Op grond van wat hiervoor in overweging 21. is overwogen, gaat de rechtbank ervan uit dat eiseres tot 9 juli 2004 vanuit Nederland werd geleid en bestuurd. Gelet hierop en gelet op het feit dat eiseres een beroep doet op vrijstelling van vennootschapsbelasting op grond van het verdrag met Singapore, ligt het op de weg van eiseres om aannemelijk te maken dat zij, zoals zij stelt, vanaf 9 juli 2004 in Singapore geleid en bestuurd werd. Bij de beoordeling van de omstandigheden van de vestigingsplaats van een lichaam moet er in het algemeen van worden uitgegaan dat de werkelijke leiding van het lichaam berust bij zijn (statutaire) bestuur en dat de vestigingsplaats overeenkomt met de plaats waar dit bestuur zijn leidinggevende taak uitoefent. Wanneer echter aannemelijk is dat de werkelijke leiding van het lichaam door een ander wordt uitgeoefend dan dat bestuur, kan er aanleiding zijn als vestigingsplaats van het lichaam aan te merken de plaats van waaruit die ander de leiding uitoefent (zie het arrest van de Hoge Raad 23 september 1992, nr. 27.293, BNB 1993/193).
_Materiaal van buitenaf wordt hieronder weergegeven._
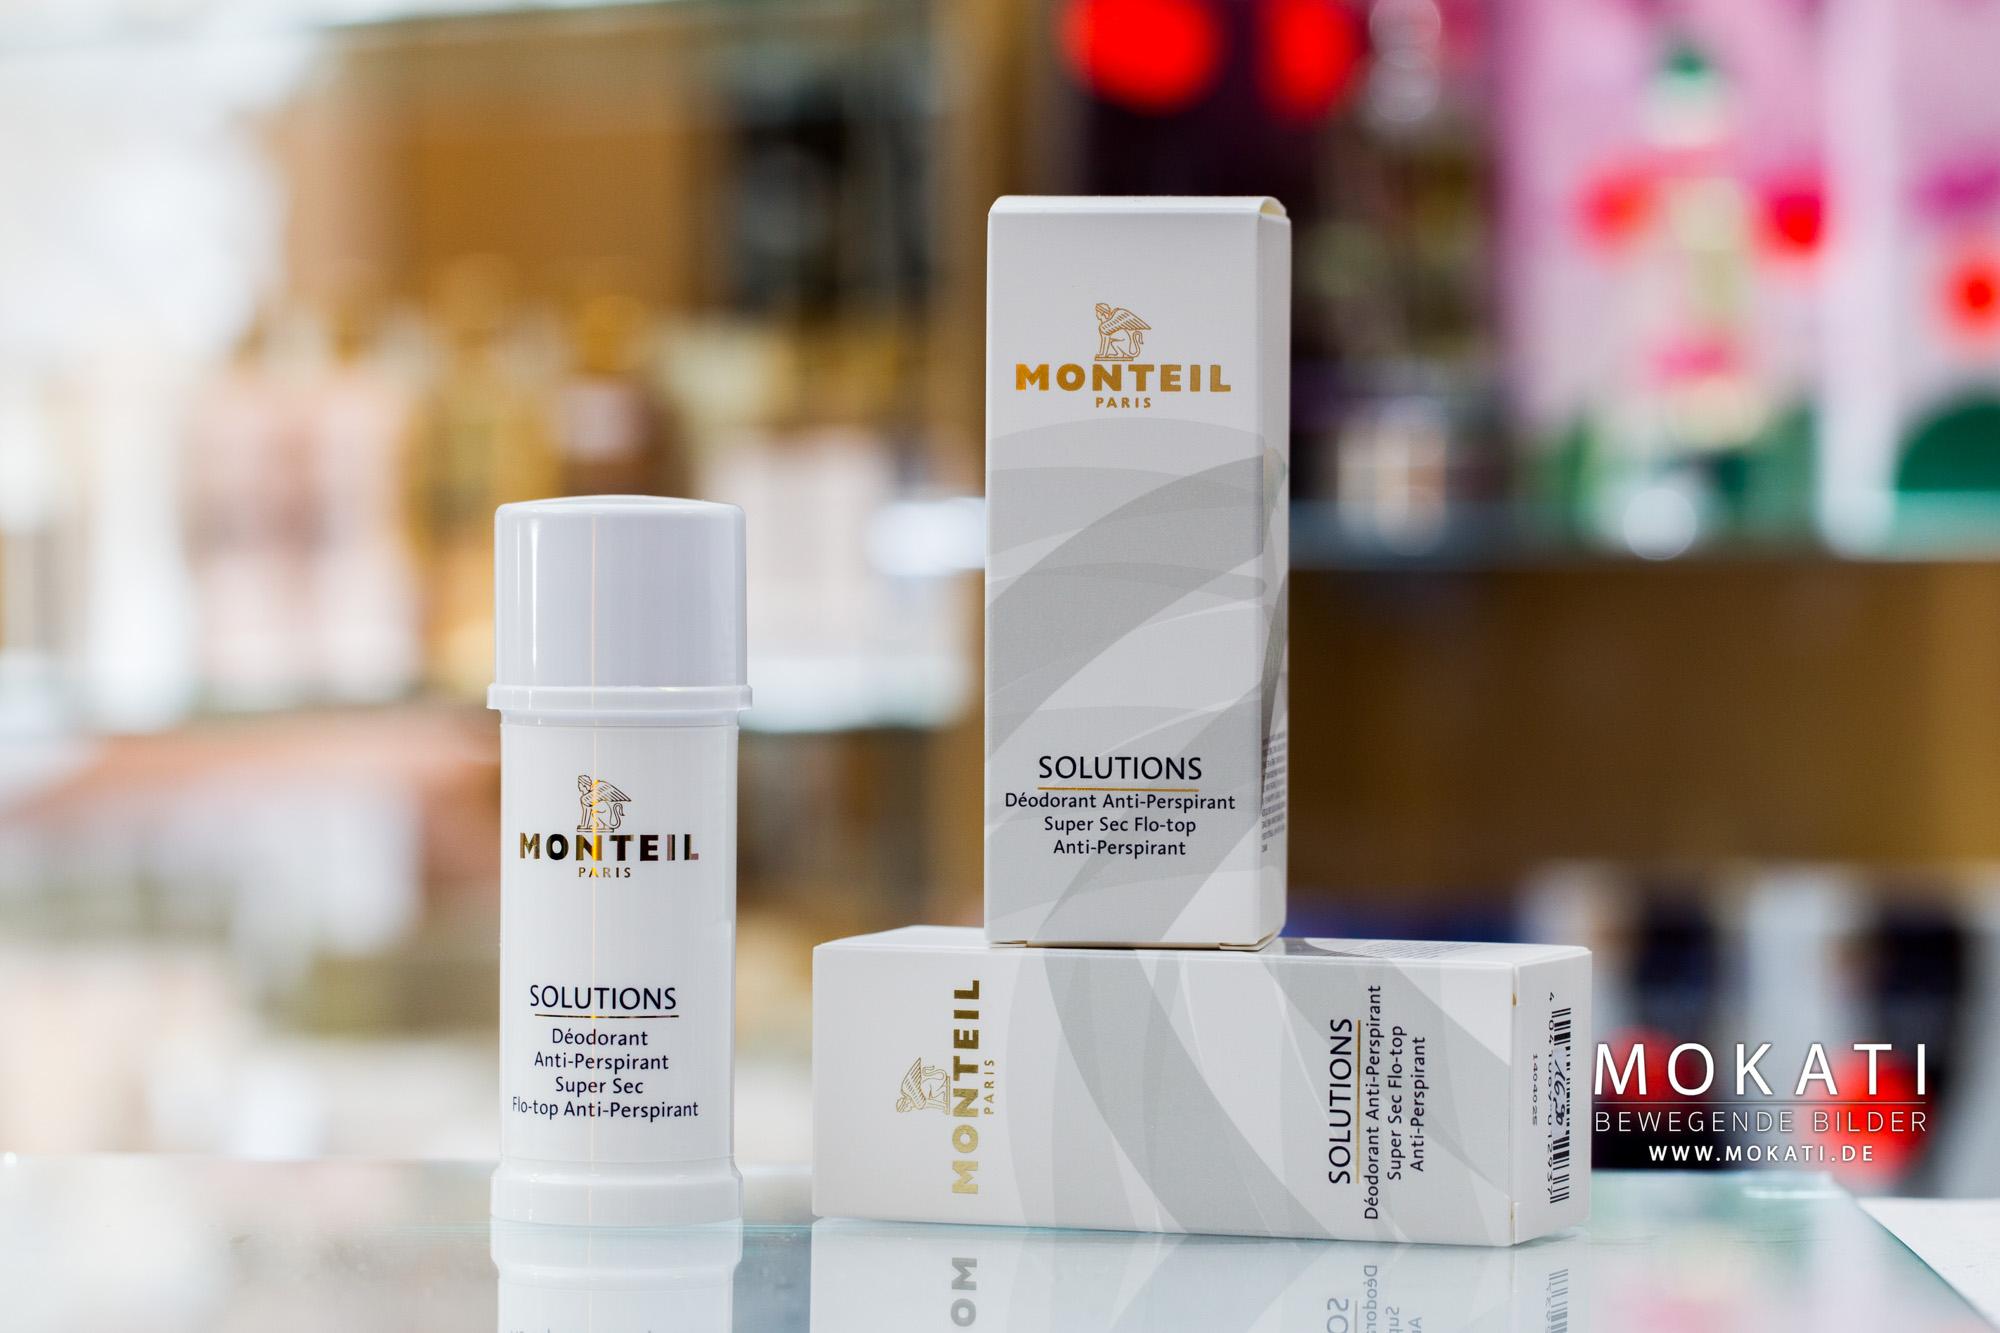 Bei Redröh Kosmetikstudio: Das hochwirksame Antitranspirant schützt stundenlang zuverlässig vor Körpergeruch und Schweißflecken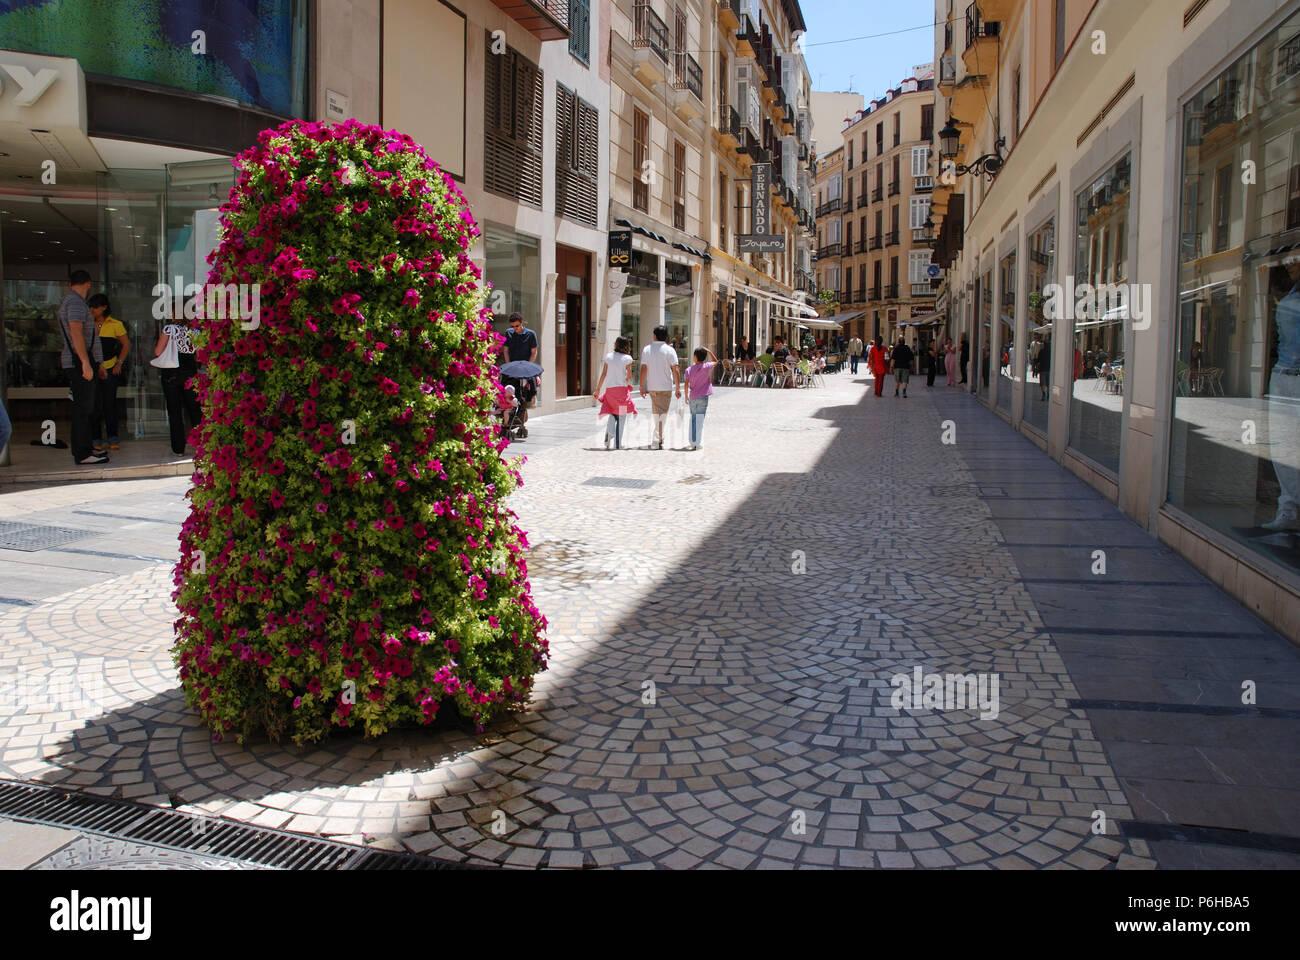 Calle peatonal. Málaga, España. Imagen De Stock

De rechtbank neemt voornoemd arrest als uitgangspunt bij de beoordeling van de vraag of eiseres aannemelijk heeft gemaakt dat zij vanaf 9 juli 2004 in Singapore werd geleid en bestuurd.
24. Nu vaststaat dat het formele bestuur van eiseres per 9 juli 2004 aan [C] en [D] , die hun werkzaamheden in Singapore verrichtten, is opgedragen, ligt het op de weg van verweerder om feiten en omstandigheden aannemelijk te maken op grond waarvan kan worden geoordeeld dat eiseres, zoals verweerder stelt, feitelijk vanuit Nederland werd geleid en bestuurd. De rechtbank acht aannemelijk dat de formele directie in de periode 9 juli 2004 tot en met 31 december 2004 eiseres (nog) niet feitelijk leidde en bestuurde maar dat de aandeelhouder dit, gelet op zijn woonplaats, nog steeds in Nederland deed. De rechtbank heeft hierbij in aanmerking genomen de wijze waarop eiseres in de periode voor 9 juli 2004 werd geleid en bestuurd, het bepaalde in artikel 11, tweede lid, onderdeel g, van de statuten van eiseres, de omstandigheid dat de vermogensbeheerovereenkomst tussen eiseres en MeesPierson Amsterdam in die periode van toepassing is gebleven en de omstandigheid dat naar het oordeel van de rechtbank in genoemde periode, gelet op de aard van de onderneming van eiseres, feitelijk geen wezenlijke bestuursbeslissingen zijn genomen dan wel handelingen zijn verricht door de formele directie. De door eiseres over de periode 9 juli 2004 tot en met 31 december 2004 overgelegde bescheiden vermeld bij overweging 6. tot en met 11., inzake door [C] en/of [D] genomen besluiten en verrichte handelingen en zijn geen bestuursbesluiten of bestuurshandelingen die de kernactiviteit(en) van de onderneming raken nu van daadwerkelijke opdrachten aan de vermogensbeheerder is niet gebleken.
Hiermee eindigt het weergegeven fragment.